David Edward Pollard was born in Kingston on Thames in 1937 and attended St John’s Primary School and Tiffin Boys School. During national service he was selected for the then secret Chinese Language Course and served in Hong Kong. This experience changed his life. When he took up his place at Downing College, Cambridge, he switched from Modern Languages to Chinese. On graduation he was offered a scholarship at Stanford. On returning to the UK in 1962, he was appointed Lecturer in Chinese at the School of Oriental & African Studies, London University, where he became Chair Professor of Chinese in 1978.
 
David joined the Chinese University of Hong Kong in 1989 as Chair Professor of Translation Studies. After his retirement, he served as Research Professor at the City University of Hong Kong, Visiting Fellow at St Hugh’s College, Oxford, and Renditions Fellow at the Chinese University of Hong Kong.
 
In 2003 David and his wife Eva moved to Salisbury, England while retaining their base in Hong Kong. They split the year between the two places and made annual family visits to Melbourne until CoVid 19, and subsequently David’s ill health, put an end to travel.
 
David published many of his best works after retirement.
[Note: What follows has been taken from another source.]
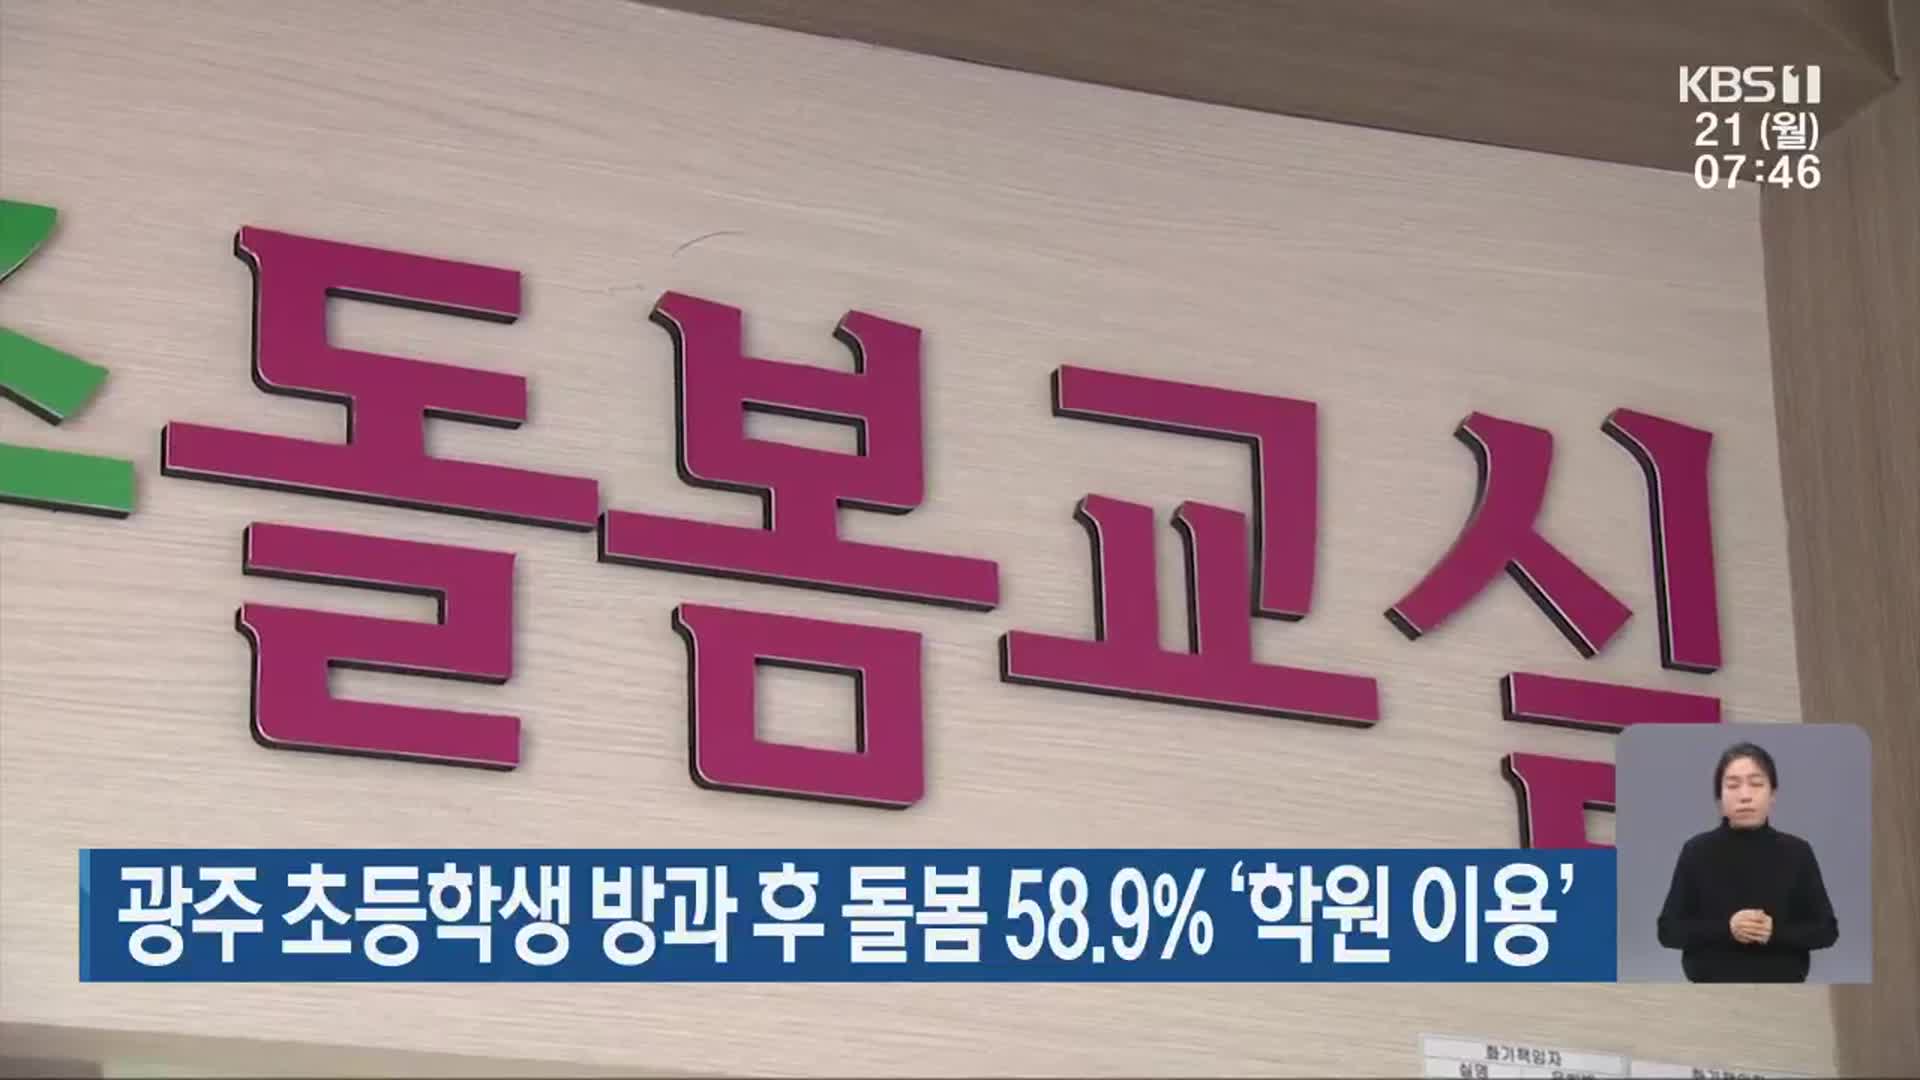 광주 초등학생 방과 후 돌봄 58.9% ‘학원 이용’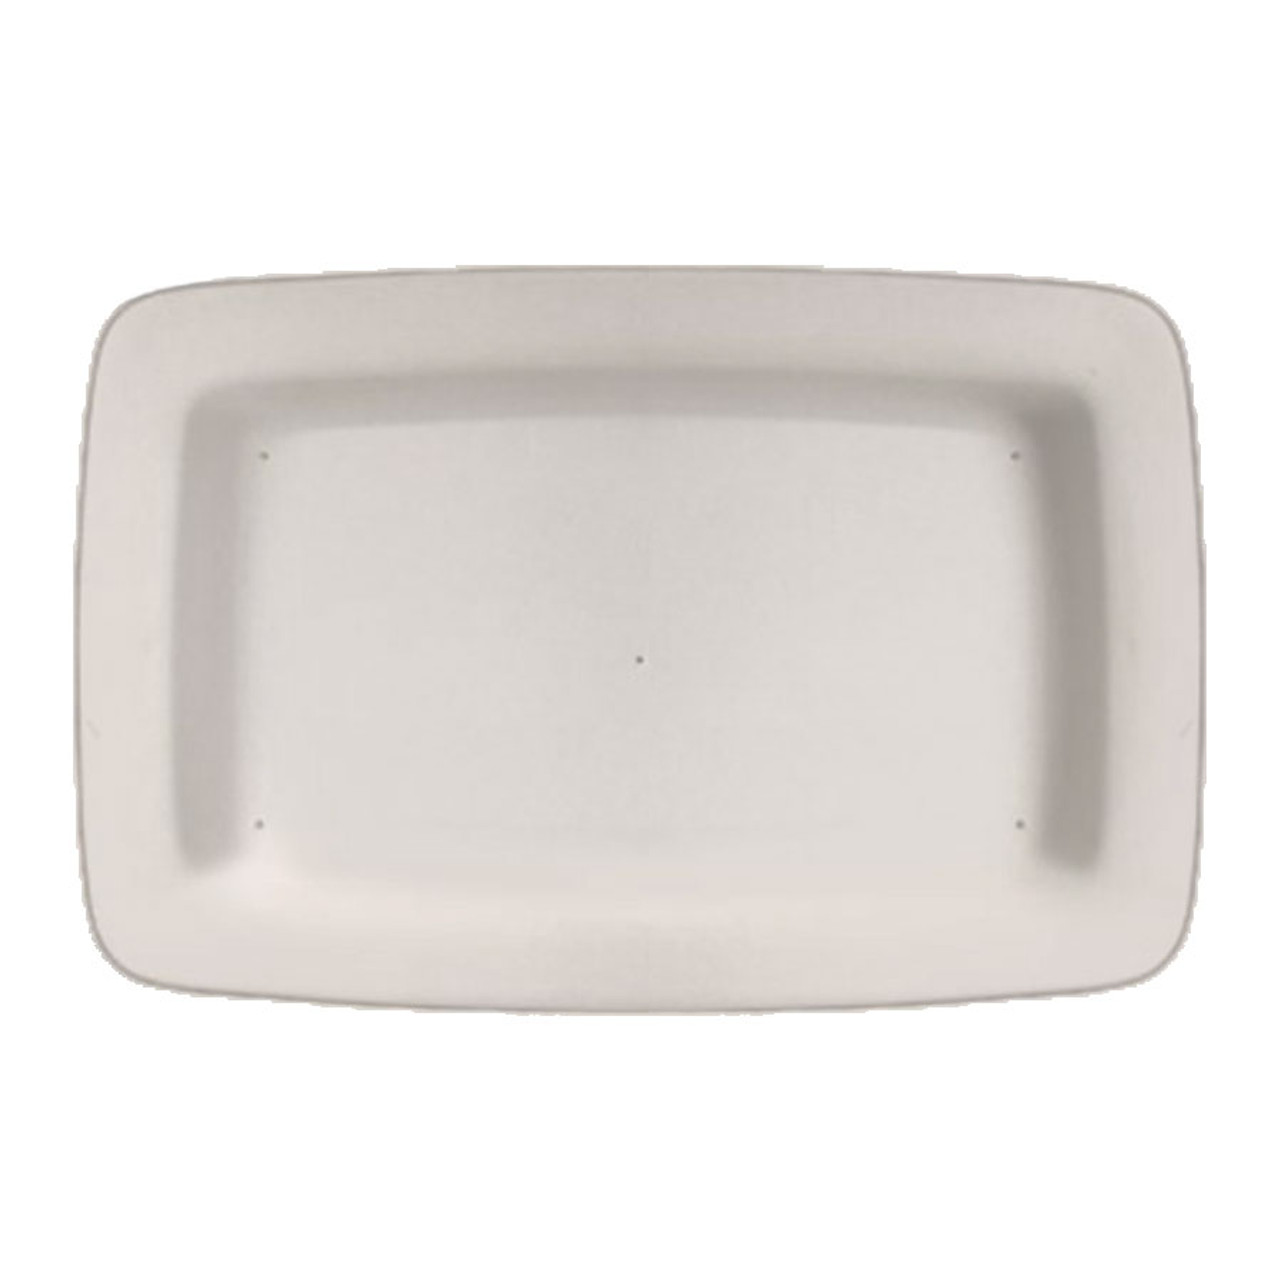 Soap Dish, 6 x 4 in (15 x 10 cm), Slumping Mold

They include The True Story of Lu Xun, The Chinese Essay and Real Life in China at the Height of Empire Revealed by the Ghosts of Ji Xiaolan. In 2017 he wrote his academic autobiography in Chinese for the Hong Kong literary magazine Chengshi wenyi.
 
David is survived by his wife Eva Hung, his daughter Louise and son-in-law Glenn Thomson, his granddaughters Hannah and Rebecca, and his former wife Janese.